Se, porém, considerarmos, como Vigotski, que, no desenvolvimento humano, o cérebro
está em constante interação com o meio, transformando suas estruturas e mecanismos de
funcionamento ao longo desse processo de interação, então, desde o seu nascimento, o
aprendizado está relacionado com o desenvolvimento e, segundo ele,
“(...) existe um percurso de desenvolvimento, em parte definido peloprocesso de maturação do organismo individual, pertencente à espéciehumana, mas é o aprendizado que possibilita o despertar de processosinternos de desenvolvimento que, não fosse o contato do indivíduocom certo ambiente cultural, não ocorreriam”. (OLIVEIRA, 1999,pg.56)

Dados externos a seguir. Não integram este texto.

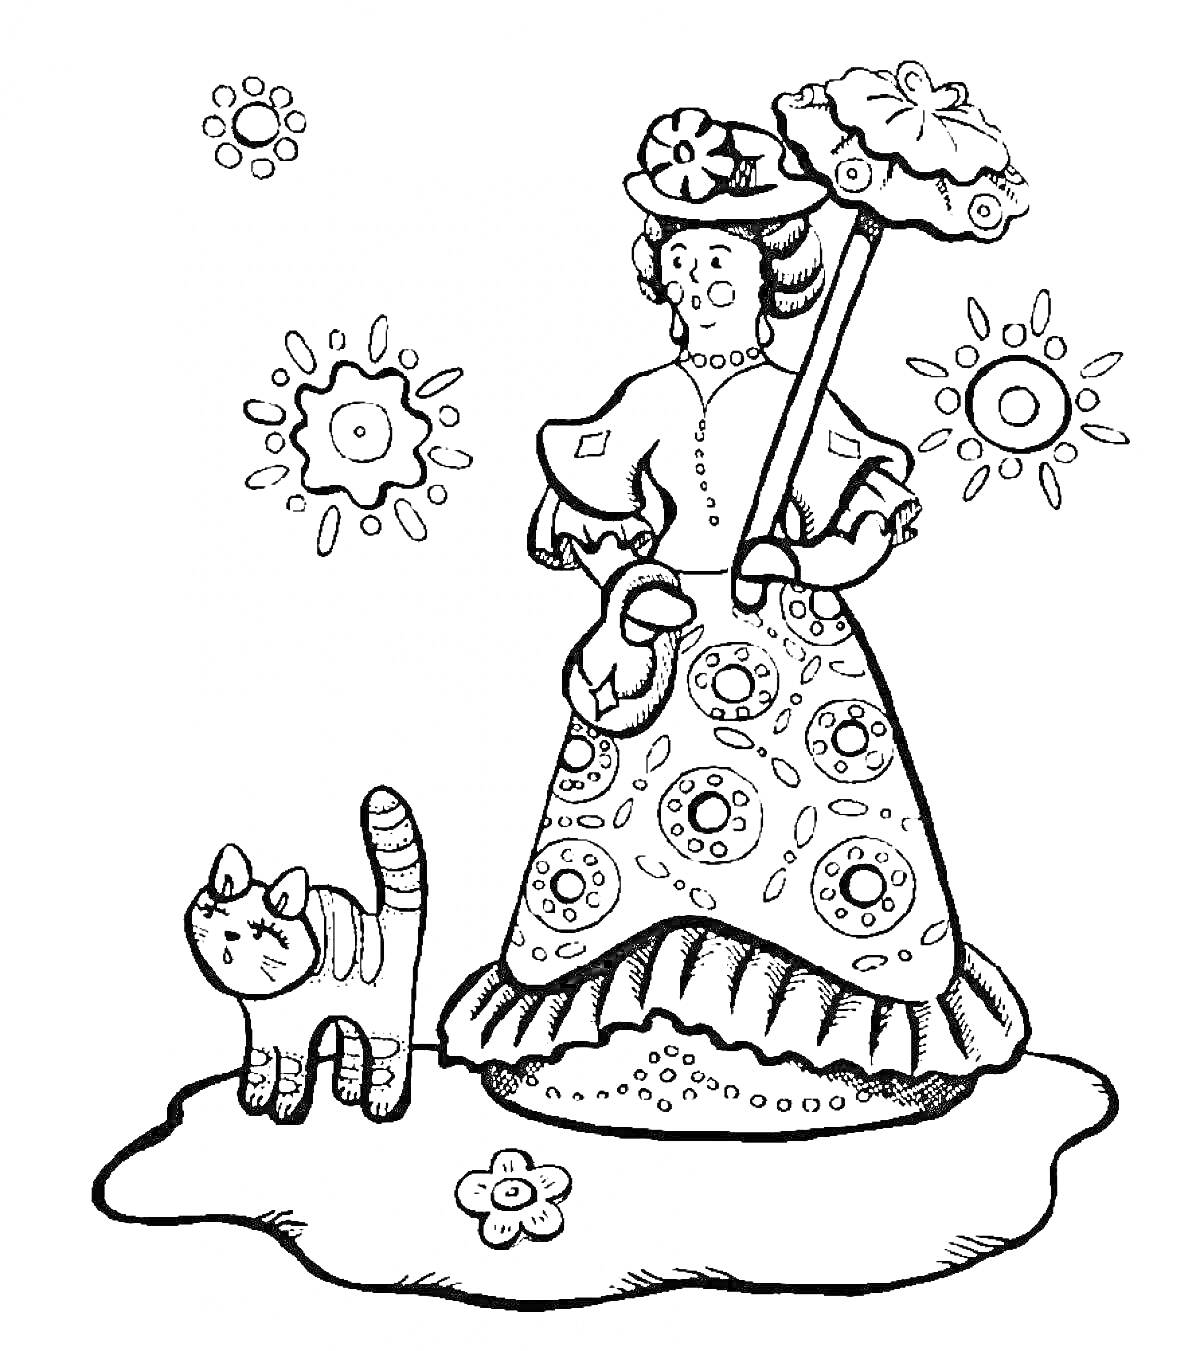 Раскраска Дымковская барышня с цветочным узором, держащая зонт и кот рядом
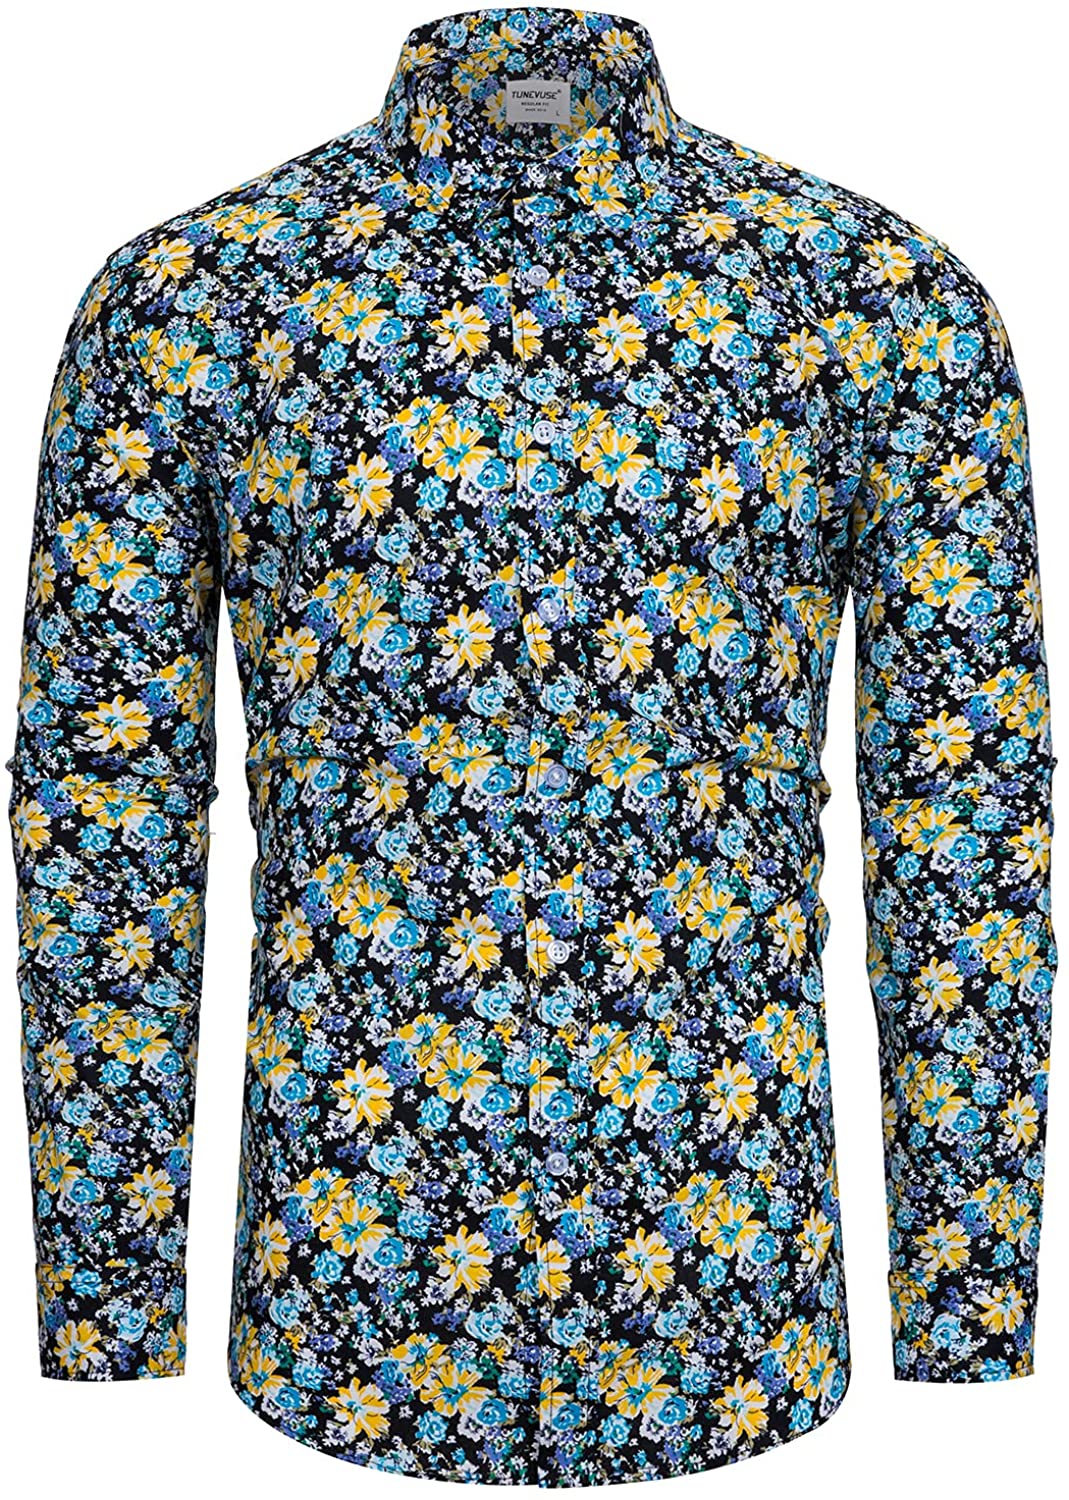 TUNEVUSE Mens Floral Dress Shirt Long Sleeve Hawaiian Button Down Flower  Pattern | eBay

A partir destas considerações acerca do desenvolvimento e da aprendizagem, o que
importa ressaltar, é que a simples escolha de uma das concepções acima, ou de qualquer
outra, para nortear a ação pedagógica nos Centros de Educação Infantil, já é uma tarefa
difícil, que exige muito estudo e reflexão. Apesar das novas exigências da LDBEN aos
pré-requisitos do profissional da Educação Infantil, que diz em seu artigo 62, que “a
formação do profissional para atuar na educação básica far-se-á em nível superior, em
curso de licenciatura de graduação plena, em universidades e institutos superiores de
educação, admitida, como formação mínima para o exercício do magistério na educação
infantil e nas quatro primeiras séries do ensino fundamental, a oferecida em nível médio,
na modalidade normal”, esta reciclagem ou remanejamento de pessoal faz parte de um
processo que não temos certeza de quando efetivamente se concluirá. Enquanto isso não
acontece, a realidade da maioria das nossas instituições para educação infantil, sejam elas
da rede pública ou da rede privada, conta com profissionais, sem formação na área da
educação ou, muitas vezes pessoas iniciantes em cursos da área e, portanto, sem
clareza/entendimento de muitos conceitos, definições, concepções e idéias pedagógicas, o
que dificulta muito a ação educativa. Como se não bastasse este fato, o próprio
Referencial Curricular para Educação Infantil (RCNEI), citado anteriormente, utilizado
pelas instituições infantis e por seus professores como fonte de consulta e apoio
metodológico, não se define por uma das duas posturas teóricas apresentadas
anteriormente. Uma leitura cuidadosa nos fará perceber, nas entrelinhas deste documento,
que ora se privilegia as idéias de Piaget, ora se privilegia as idéias de Vigotski, como se
ambas partissem da mesma base filosófica, o que é um equívoco, pois Piaget foi
apropriado pelo pensamento construtivista em educação, forte herdeiro das proposições
da Escola Nova, fundamentado, portanto, nas raízes do pensamento liberal. Já Vigotski
tem como pressuposto teórico o materialismo histórico dialético de Marx. Apesar desta
não ser a discussão-objetivo deste trabalho, é importante citá-la para que possamos ter um
parâmetro de como a organização da Educação Infantil está marcada por um ecletismo
que em nada contribui quando pretendemos entender a realidade. Essa perspectiva
deficitária que mais se assemelha a um caleidoscópio, apesar de apontar muitas questões,
permite que as saídas encontradas dirijam-se a pontos diferentes o suficiente para que em
resumo, não saiamos do lugar.
Neste cenário complexo, encontramos as instituições de educação para crianças pequenas,
que, perdidas na sua identidade, pois não podem se caracterizar como escolas, tampouco
ter o cunho assistencialista, não conseguem articular convenientemente as propostas
pedagógicas para uma educação infantil que esteja em consonância com as
especificidades da infância e, ao mesmo tempo atenda as necessidades sociais, já que
estas são contraditórias em seus interesses.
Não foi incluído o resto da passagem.